Tsui's mother and Ching's older sister, a Triad leader nicknamed "Mother", arrives in the city. Ching blames Charlie for her son's death, so Mother has Lawrence kidnapped to find Charlie. Walker tracks down Mia's uncle, Raul, who is forging passports that Charlie and Mia can use to leave the country. He takes Raul's phone and intercepts Mia at a nightclub. However, he is interrupted by Vincent, Hayes, and Jake, and then Triads, all attacking, resulting in a mass shootout. Mia identifies Vincent as Tsui's killer. Hayes, Raul, Johnny, Wes are killed in the brawl. Walker escapes with Mia and Charlie.

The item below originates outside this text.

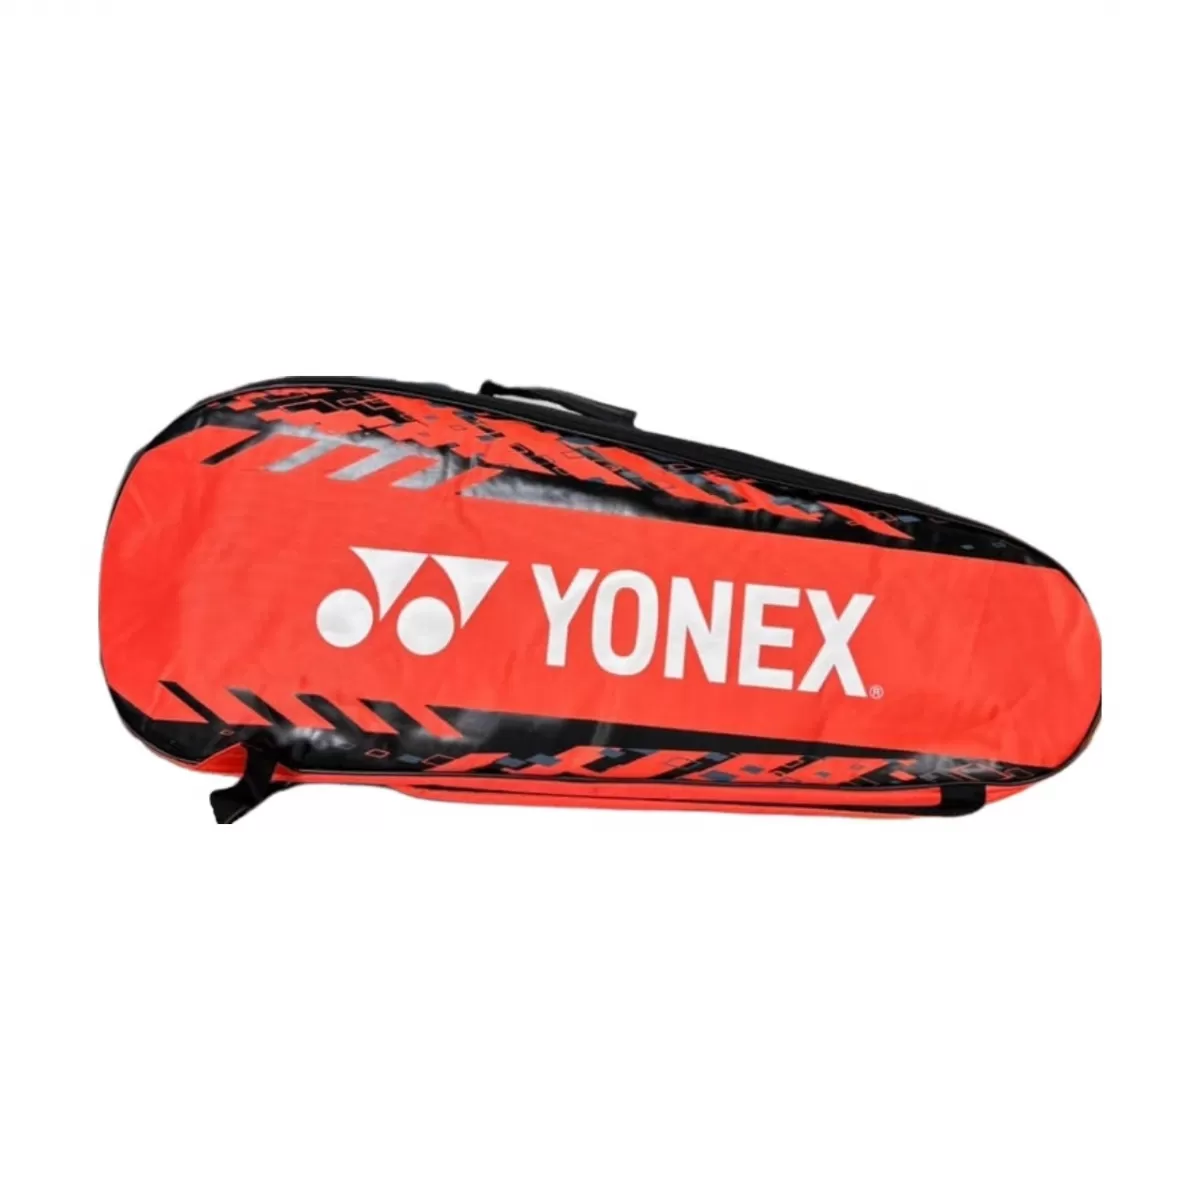 Túi cầu lông Yonex BAG2326T02R - Racing red/White chính hãng

Walker realizes that Vincent and his colleagues were seeking to hijack the cocaine shipment for themselves, rather than capture Charlie's gang. Vincent is in league with Ching, who had a buyer for the cocaine. Ching sought to profit from the deal and take out Tsui, whom he resented for being promoted to head the Triads over him. Tying up loose ends, Ching murders Cortez and his wife at the hospital. Ellie, sent by Walker, captures him.

Walker takes Charlie and Mia to his father's old cabin on the city's outskirts. The Triads track them down and begin a massive assault, and Charlie and Mia are captured. Walker kills the Assassin, Mother's righthand, but is badly wounded. Mother arrives with Lawrence. Still believing Charlie killed Tsui, she tells Lawrence to shoot Mia since Charlie loves her.

Ellie arrives, having captured Vincent and Jake alongside Ching. She reveals them as the guilty parties. Ching admits that he plotted Tsui's death because he was jealous of his sister passing the leadership to her inexperienced son instead of to him after their eldest brother, the previous Triad leader, died. Jake tries to shoot Charlie, but Lawrence shields him, dying in Charlie's arms. Ching and traitorous Triad members loyal to him shoot Mother dead. Ching also wounds Vincent, who in turn guns Ching down and flees with the cocaine. Walker pursues him.

Charlie guns down Jake in revenge for his father. Vincent is shot by Walker. They talk but he shoots Walker, prompting him to shoot Vincent dead. Ellie lets Charlie and Mia go. Walker, wounded, urges Ellie to arrest him. She refuses, and Walker looks upon the arriving police cars, his fate uncertain.

==Production==
On February 19, 2021, it was announced that Gareth Evans was attached to direct the film from a screenplay he wrote under his exclusive deal with Netflix. Evans received sole credit for the screenplay, with Scott Frank and John Lee Hancock receiving off-screen Additional Literary Material credit. Evans was also announced as a producer on the film alongside Tom Hardy and Ed Talfan for Severn Screen as well as Aram Tertzakian of XYZ Films.

Alongside the initial announcement, Hardy was cast in a lead role. Forest Whitaker was added to the cast the following month. In June 2021, Timothy Olyphant, Justin Cornwell, Jessie Mei Li, and Yeo Yann Yann joined the main cast, with Quelin Sepulveda, Luis Guzmán, Sunny Pang, and Michelle Waterson cast in supporting roles.

The film began principal photography on July 8, 2021, in Cardiff, Wales, where production predominantly took place. The film is "one of the biggest films ever to be produced in Wales" and left a "lasting legacy for filmmakers". Hardy was sighted at the Barry Island Pleasure Park in South Wales and outside the Brangwyn Hall in Swansea in July and August 2021 respectively. On October 22, 2021, filming officially wrapped. An initial cut of the film was delivered to the studio in February 2022, but the film needed reshoots, which were delayed until July 2024 due to scheduling conflicts and the SAG-AFTRA strike.

While it was shot primarily in Wales, the film is set in an unnamed fictional United States city, merging elements—such as an elevated train and a Chinatown district—of Chicago, New York, and Philadelphia.

==Release==
Havoc was released on Netflix on April 25, 2025.

==Reception==
 Metacritic, which uses a weighted average, assigned the film a score of 57 out of 100, based on 24 critics, indicating "mixed or average" reviews.

=== Viewership ===
According to data from Showlabs, Havoc ranked second on Netflix in the United States during the week of 21–27 April 2025.